Глава IV
18 января 2019 г. в 14:53
В конно-егерском полку харчами не перебирали, и младшие офицеры столовались тем же, чем и простые солдаты. В то утро повар-болгарин угощал полк пшенной кашей с топленым салом. Мирон взял свою порцию, съел две-три ложки, чтоб в животе не урчало, а остальное понес в сарай.
Слава лежал на гнилой соломе, откинувшись навзничь. Мирону подумалось, что нужно одеяло ему раздобыть, и Анатоля позвать, чтобы осмотрел и снова прочистил рану. Услышав скрежет засова и скрип двери, Слава нехотя открыл глаза. Мирон присел перед ним на корточки, зачерпнул кашу ложкой, ткнул пленнику в лицо.
— Ешь.
— Руки развяжи, — сказал Слава, поведя плечами.
— Ну еще чего захотел. Жри давай.
Тот, на удивление, кочевряжиться не стал. Хитрая тварь — знает, когда упрямиться, а когда себе дороже. И вполне умеет послушным быть, когда ему это выгодно. Мирон не знал, чем кормились янычары, но пшенку с салом янычар Вячеслав поглощал с завидным аппетитом, тянулся за ложкой, которую Мирон пропихивал ему в рот, точно дитя малое кормил. Слава съел все, так что Мирону еще выскребать по стеночкам пришлось, облизнулся и сказал:
— Не пилав, конечно, но есть можно. Спасибо тебе, гяур.
— Меня Мироном зовут, — напомнил тот, и Слава сладко улыбнулся ему.
— Знаю…
Снаружи послышался шум. Мирон бросил миску и ложку, выпрямился. Слава тоже насторожился, видя его тревогу. Хотел что-то сказать, но Мирон предостерегающе вскинул ладонь.
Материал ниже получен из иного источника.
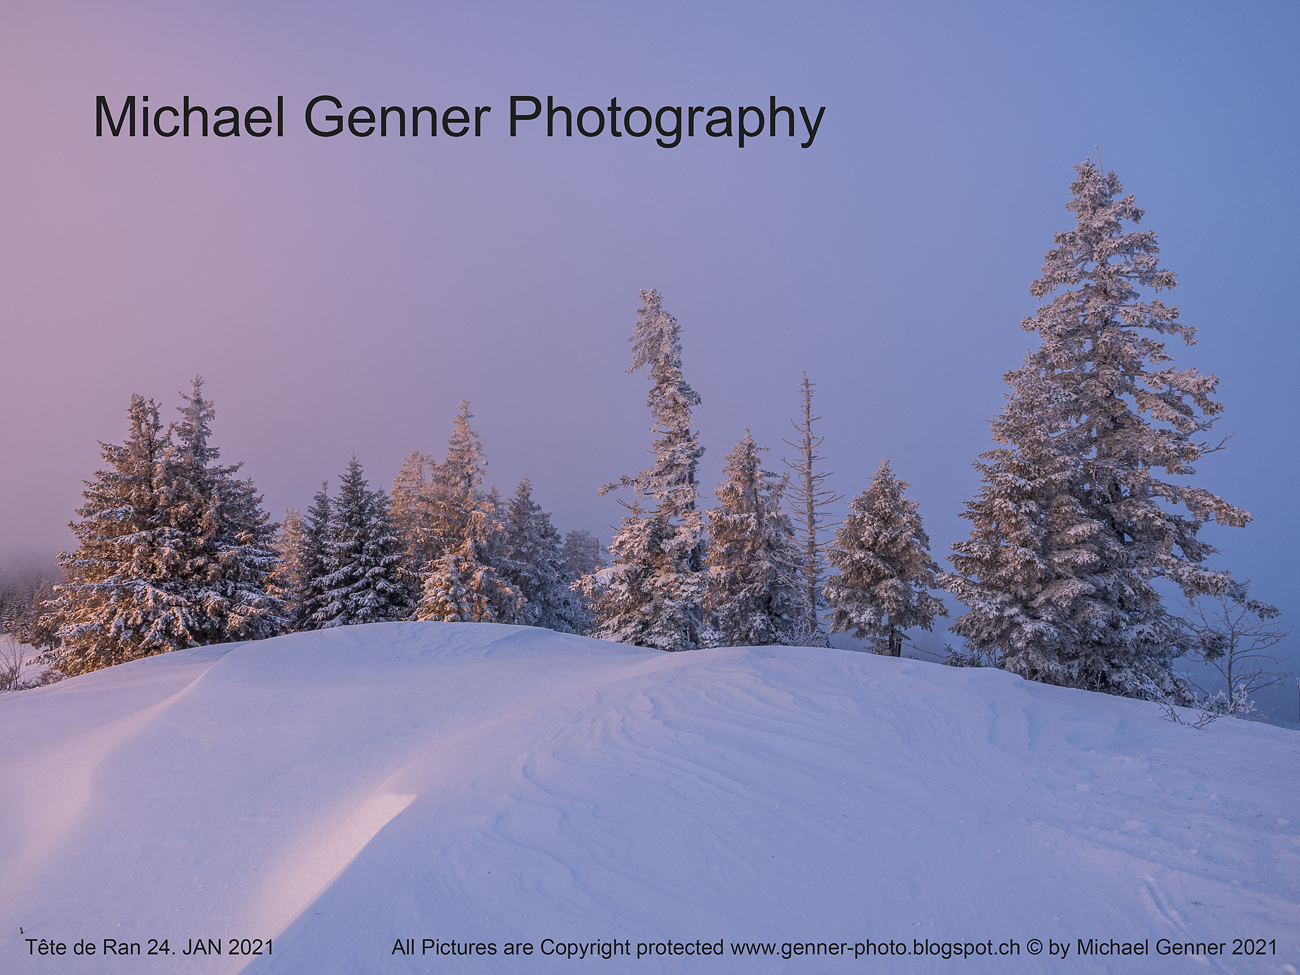 Michael Genner Photography
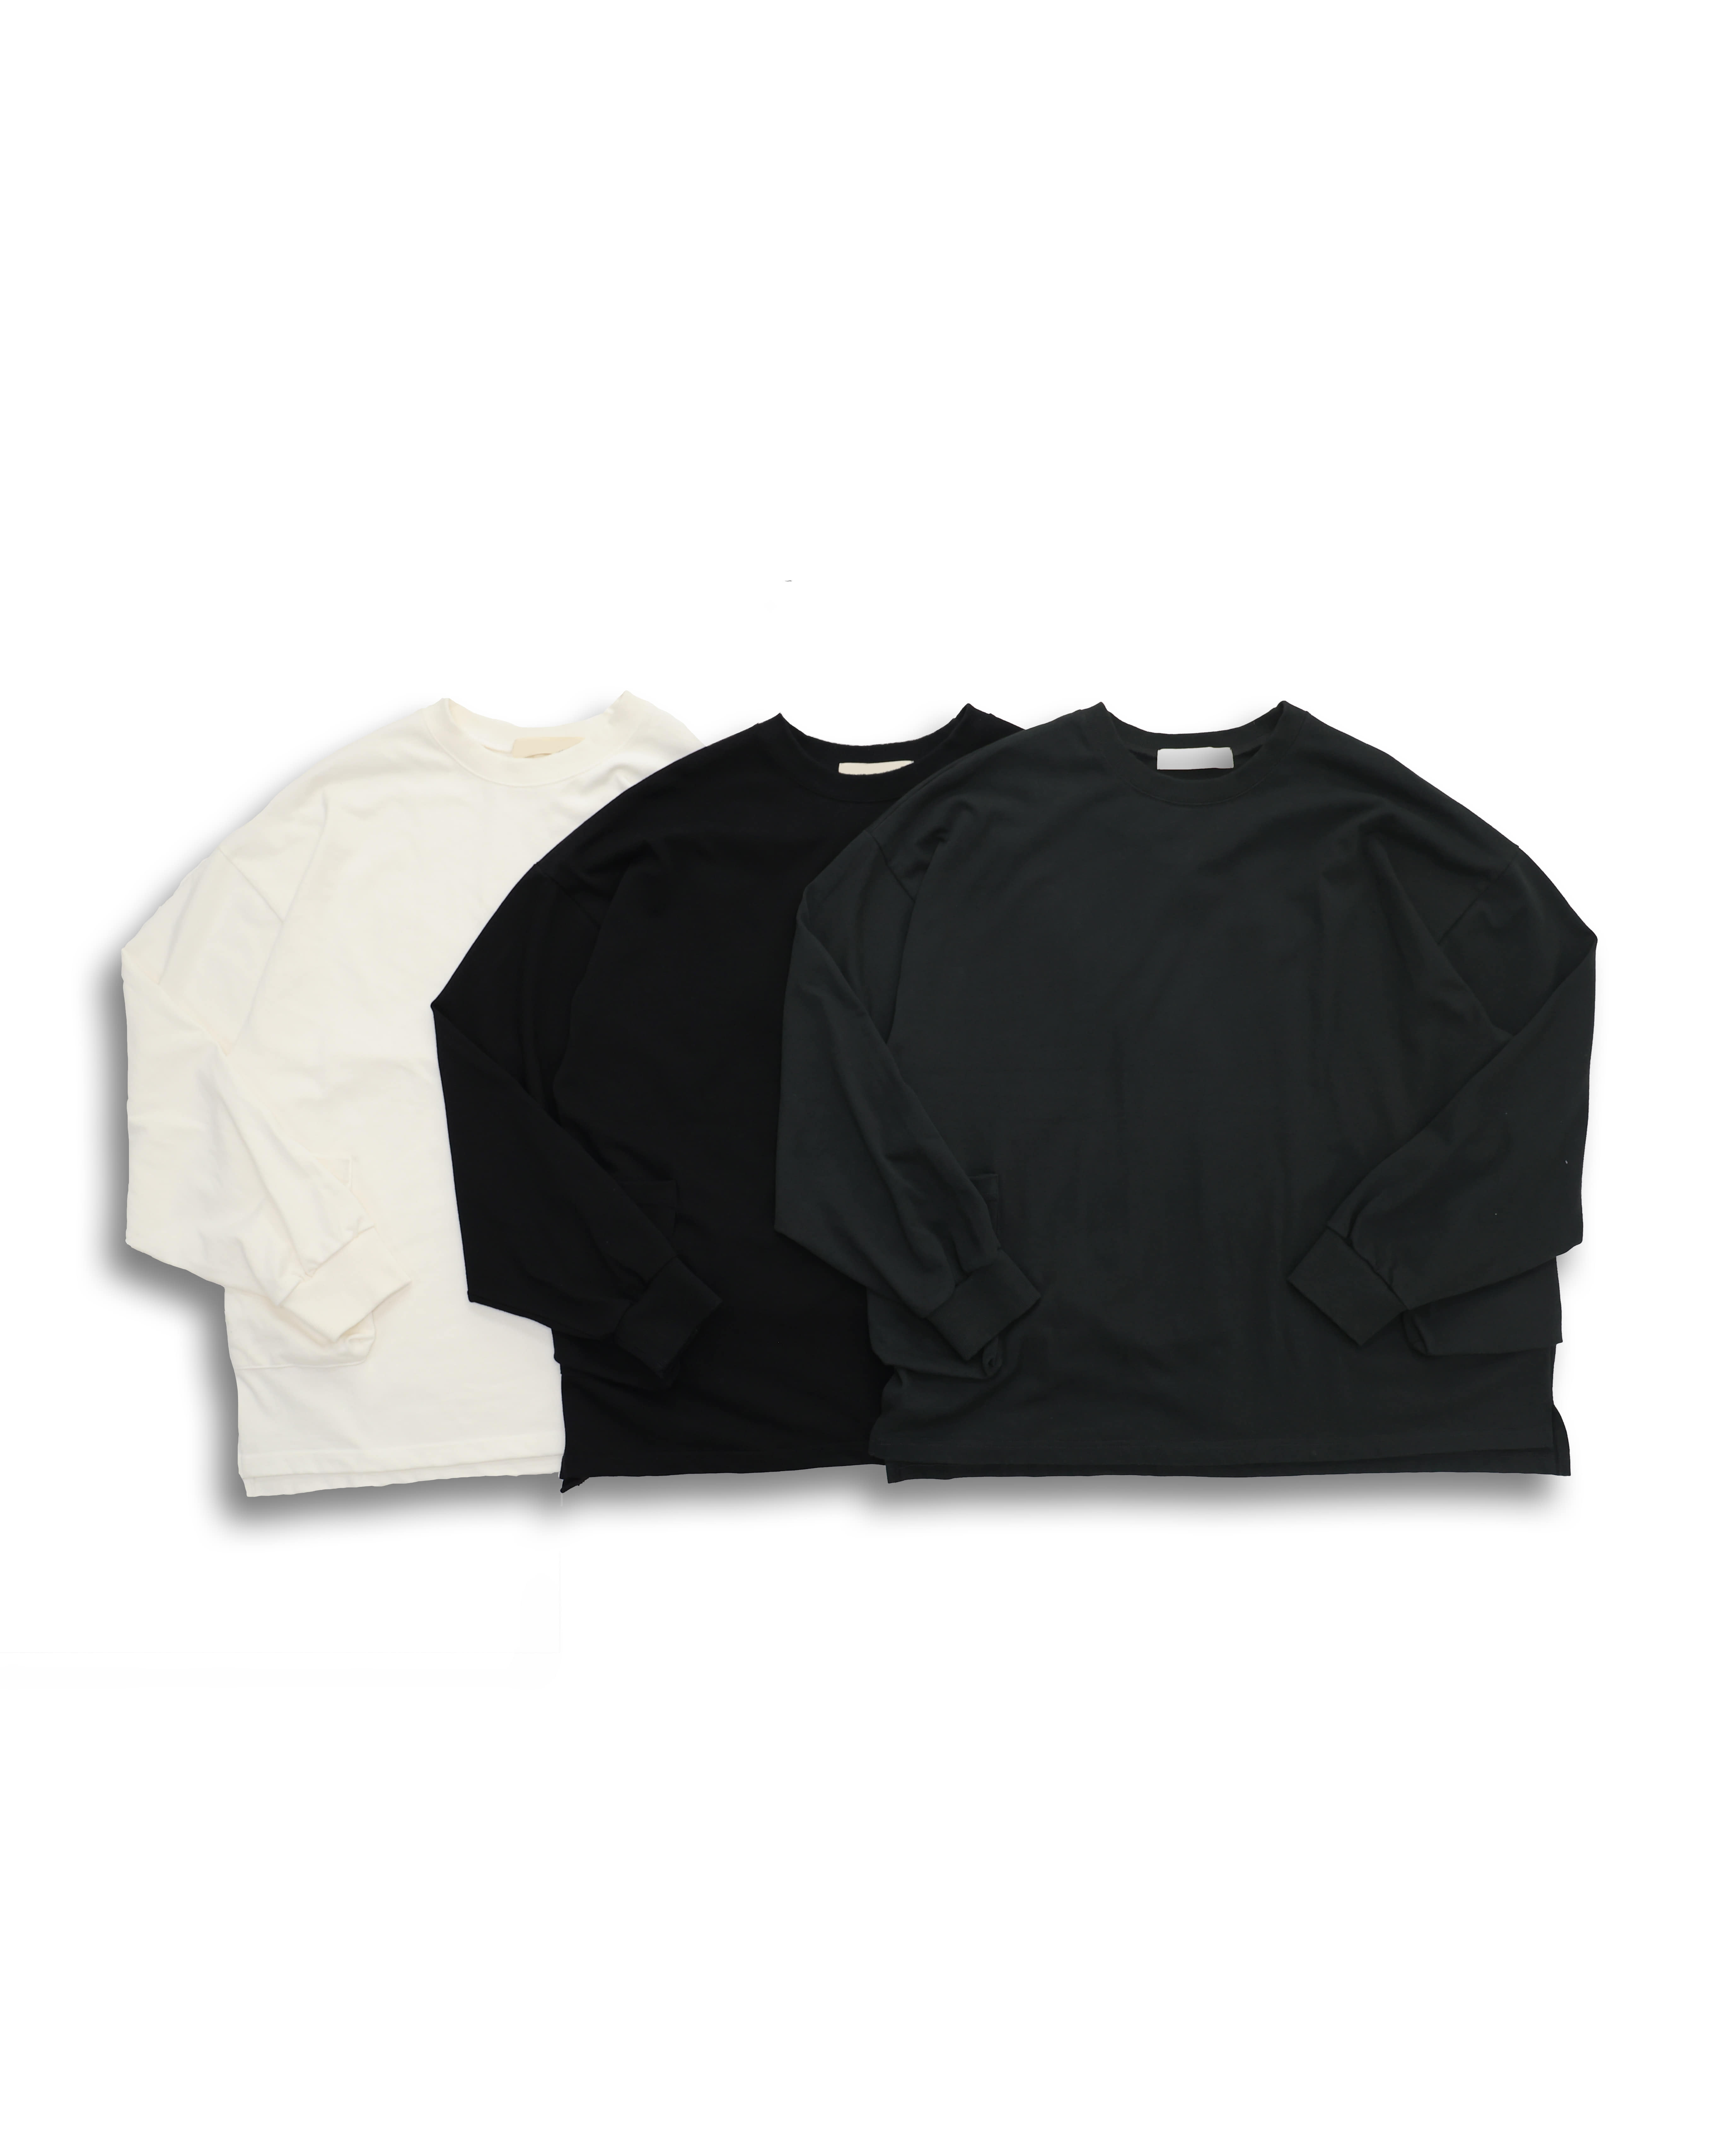 Fly Two Pocket Long Sleeves (Black/Charcoal/Ivory)

Крики, суета — в отдалении, но отчетливо. А потом трубач протрубил тревогу.
Турки напали на лагерь.
Мирон кинулся к выходу из сарая, на ходу хватаясь за кортик — вот черт, сабля и пистолеты в палатке ведь остались… И у самого выхода вдруг замер. Обернулся на пленника. Тот сидел, подтянув под себя связанные ноги, сжавшийся, точно готовая вот-вот распрямиться пружина. Губы сомкнуты плотно, волосы на лоб падают, глаза блестят.
— Чего встал? Иди… — хрипло проговорил он.
Мирон судорожно соображал. Ни разу с тех пор, как турки перебрались на левый берег после Рущукского сражения, они не выбирались за свои редуты. А если бы и выбрались — так не стали бы нападать на мелкий лагерь конно-егерского полка, позиция которого не представляла никакой стратегической ценности. И судя по шуму, нападающих немного — может, и сотни нет. А у турок ведь людей под семьдесят тысяч! Кто так в атаку идет?
Разве тот, кто преследует не стратегические и даже не тактические цели, а пытается отбить одного-единственного пленника…
Мирон убрал руку с кортика и повернулся к Славе. Тот всё понял и побледнел, подался назад, словно пытаясь попятиться. Мирон хотел приказать ему не делать глупостей, не шуметь — но Слава опередил его.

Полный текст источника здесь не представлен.